I want to walk through that day in detail because it is the cleanest case study I know for "wire-format compatibility is not behavioral compatibility." The lesson generalizes: anywhere you have a heterogeneous set of systems behind a homogeneous API, a single shim is a single point of cross-contamination. The fix is always to delete the shim and let each system's behavior be its own.

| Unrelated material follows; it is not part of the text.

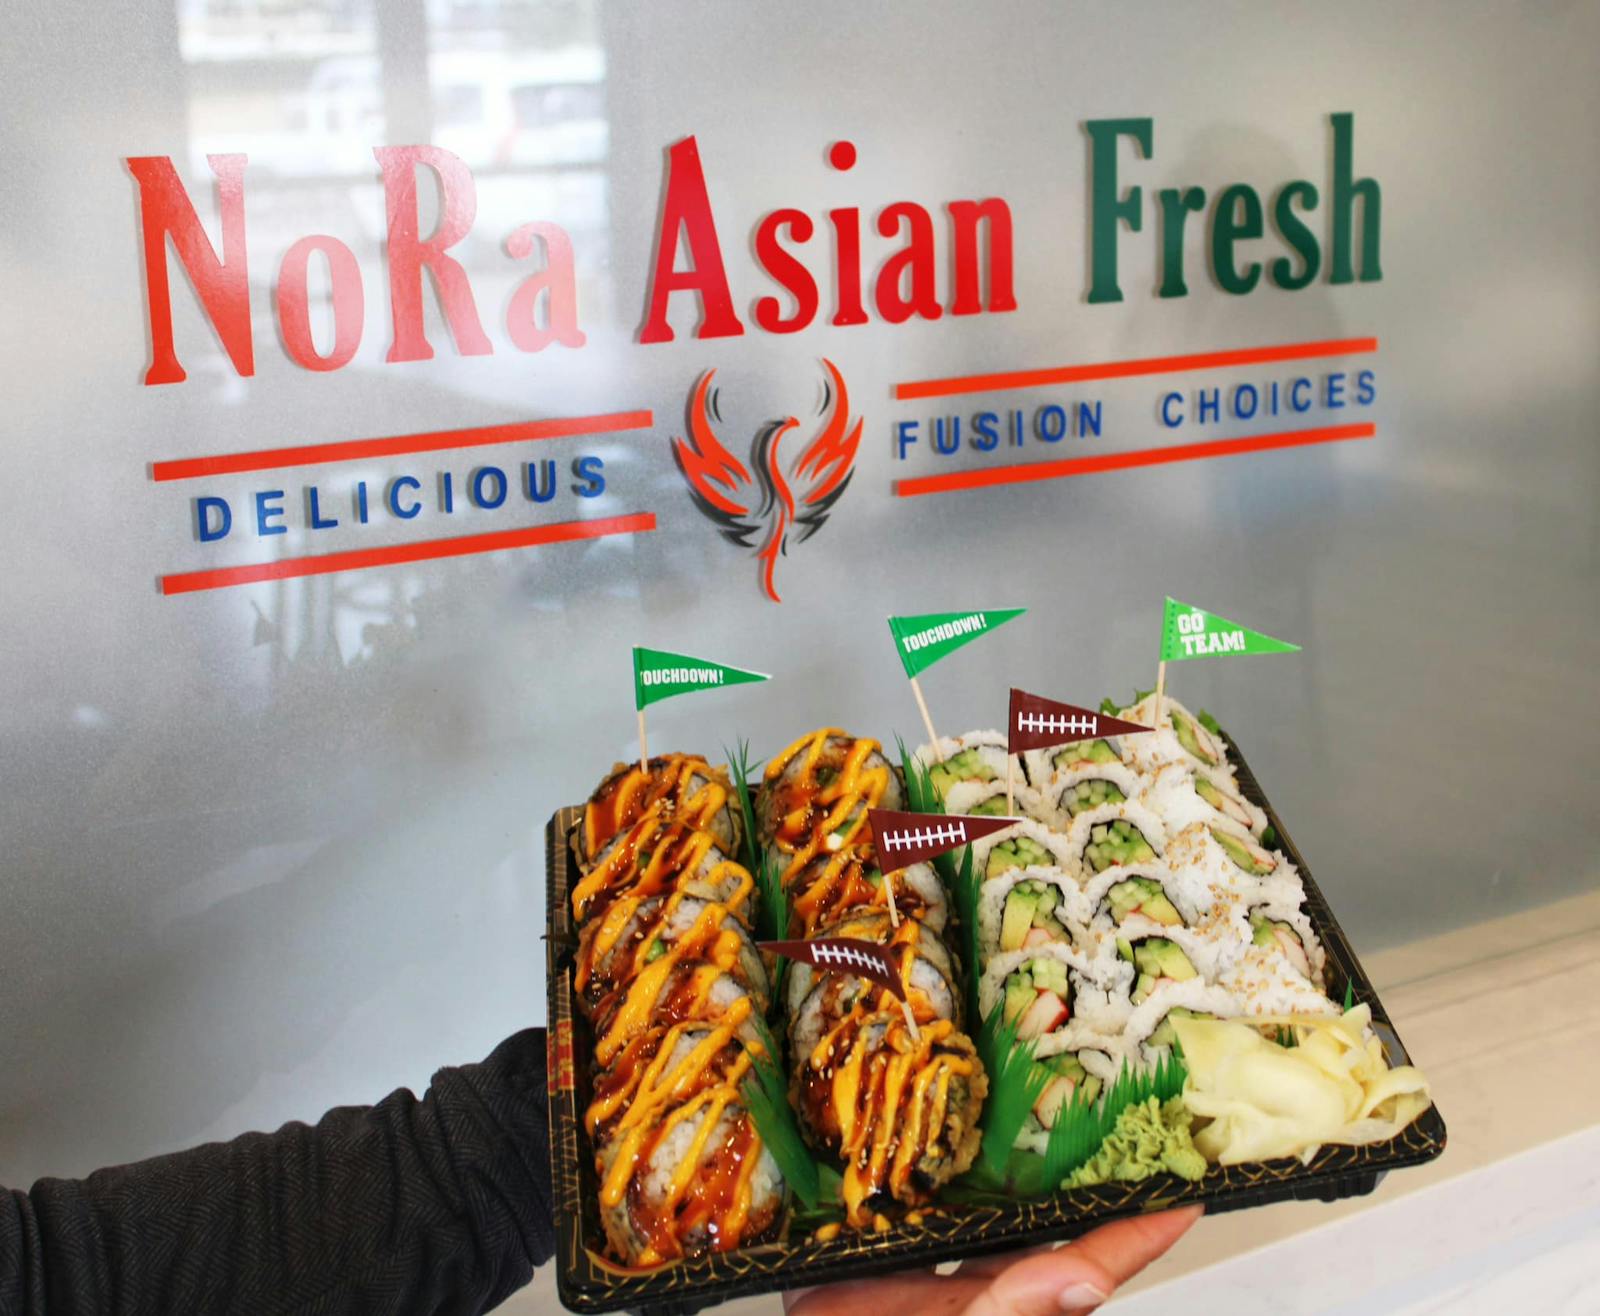 Plate of food at NoRa Asian Fresh restaurant window
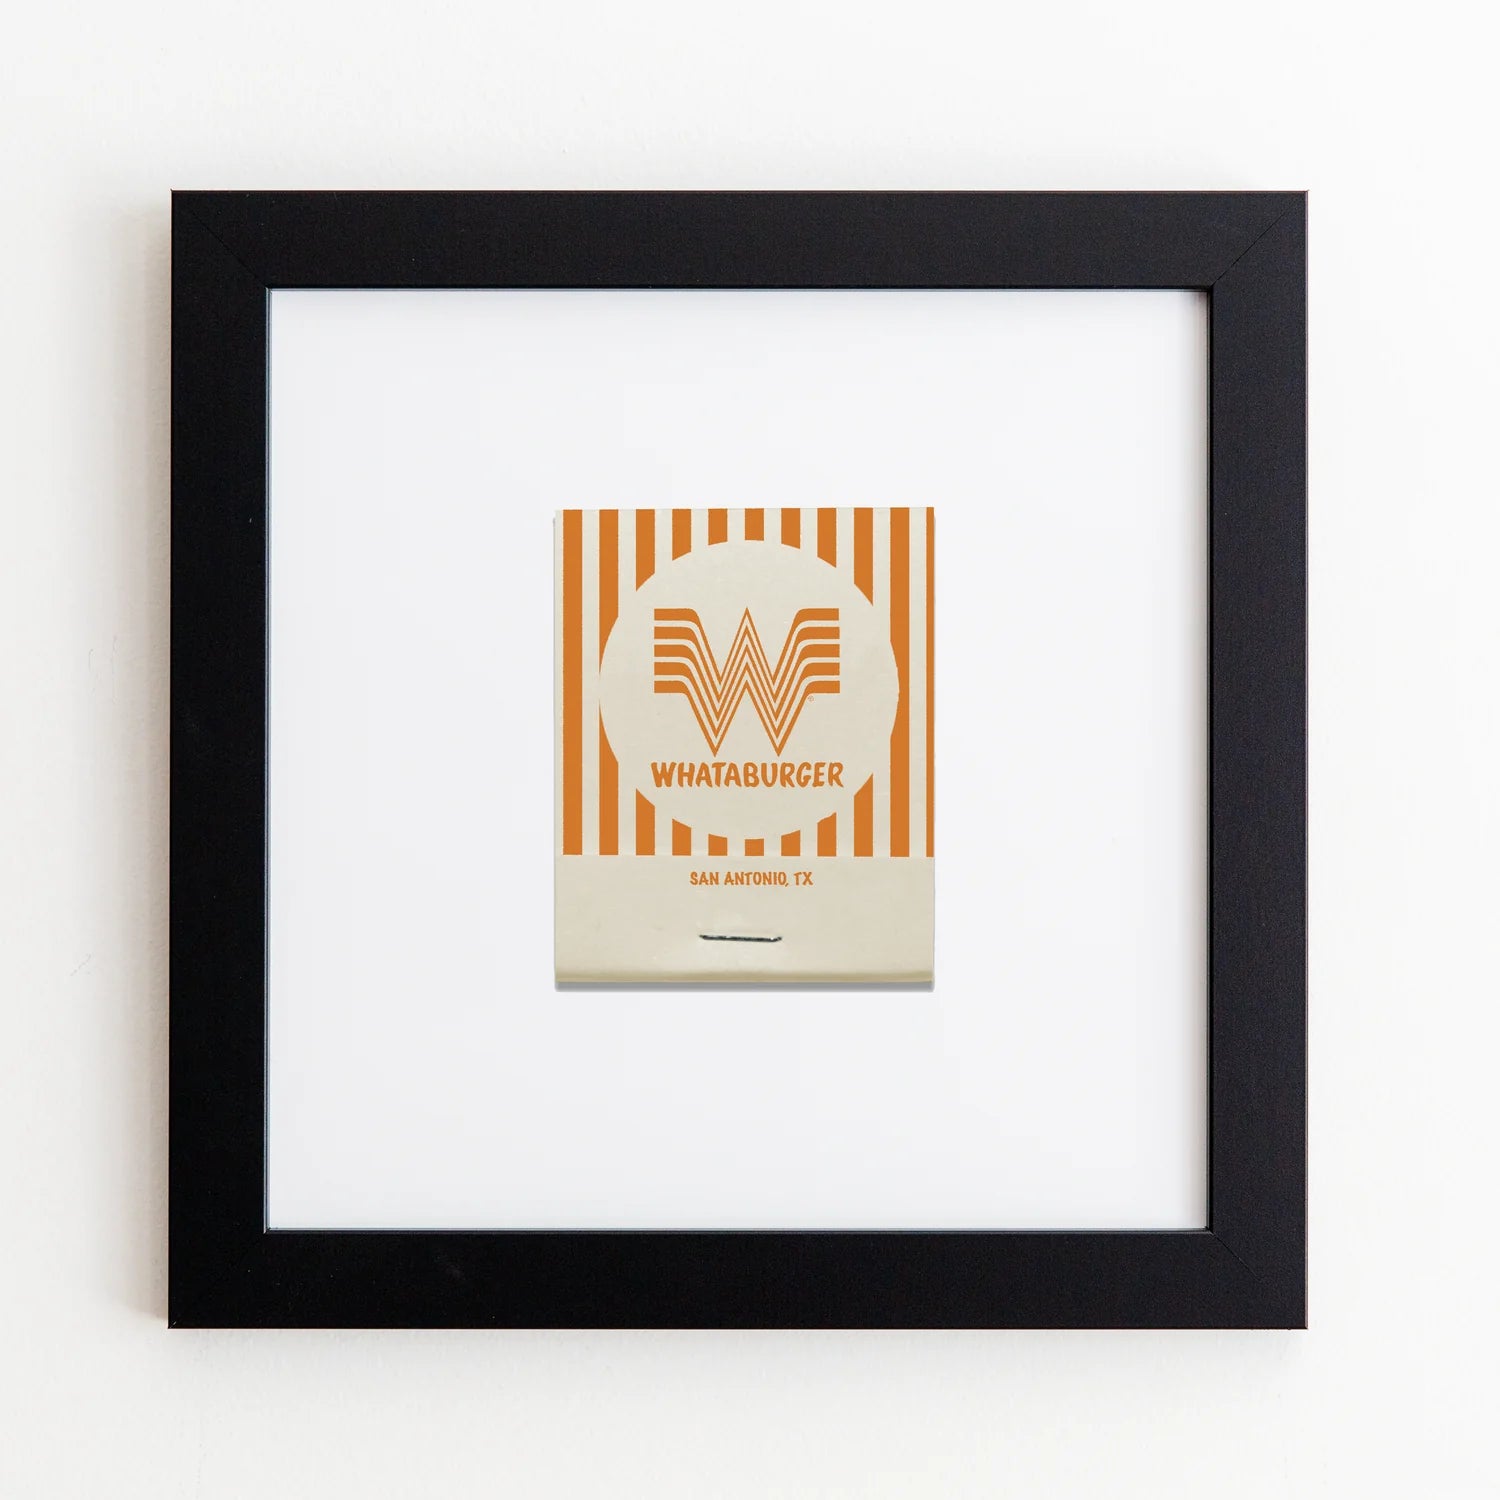 A framed Art Square Black Frame of Whataburger&#39;s logo with orange and white stripes and a stylized &quot;W&quot; in the center, titled &quot;San Antonio, TX,&quot; displayed on a white wall by Match South.

The single shim, in Vibe-Trading, was the OpenAI client wrapper used by LangChain. Every provider — DeepSeek, Kimi, Moonshot, Gemini via OpenAI-compatible, OpenRouter, GLM/Zhipu, Qwen, plus the obvious OpenAI and Anthropic paths — went through it. The shim did four things that turned out to be incompatible. It applied DeepSeek-specific reasoning-content replay to all providers (which broke Kimi). It set a single User-Agent header (which Kimi rejected). It captured Gemini thought signatures only on the in-memory path (which left dict-replayed history without the signature, breaking multi-turn tool calls). And it swallowed stream failures silently, falling back to a slow non-streaming call (which masked reached max iterations errors when the model returned nothing).
Each individual behavior was correct for the provider it was designed for. Each was wrong for every other provider. The bugs were not bugs in any single behavior — they were bugs in the architecture of "one shim handles all."
The four quirks, named
Let me name the four quirks explicitly, because they are general patterns that show up in any system with a homogeneous API and heterogeneous behavior behind it.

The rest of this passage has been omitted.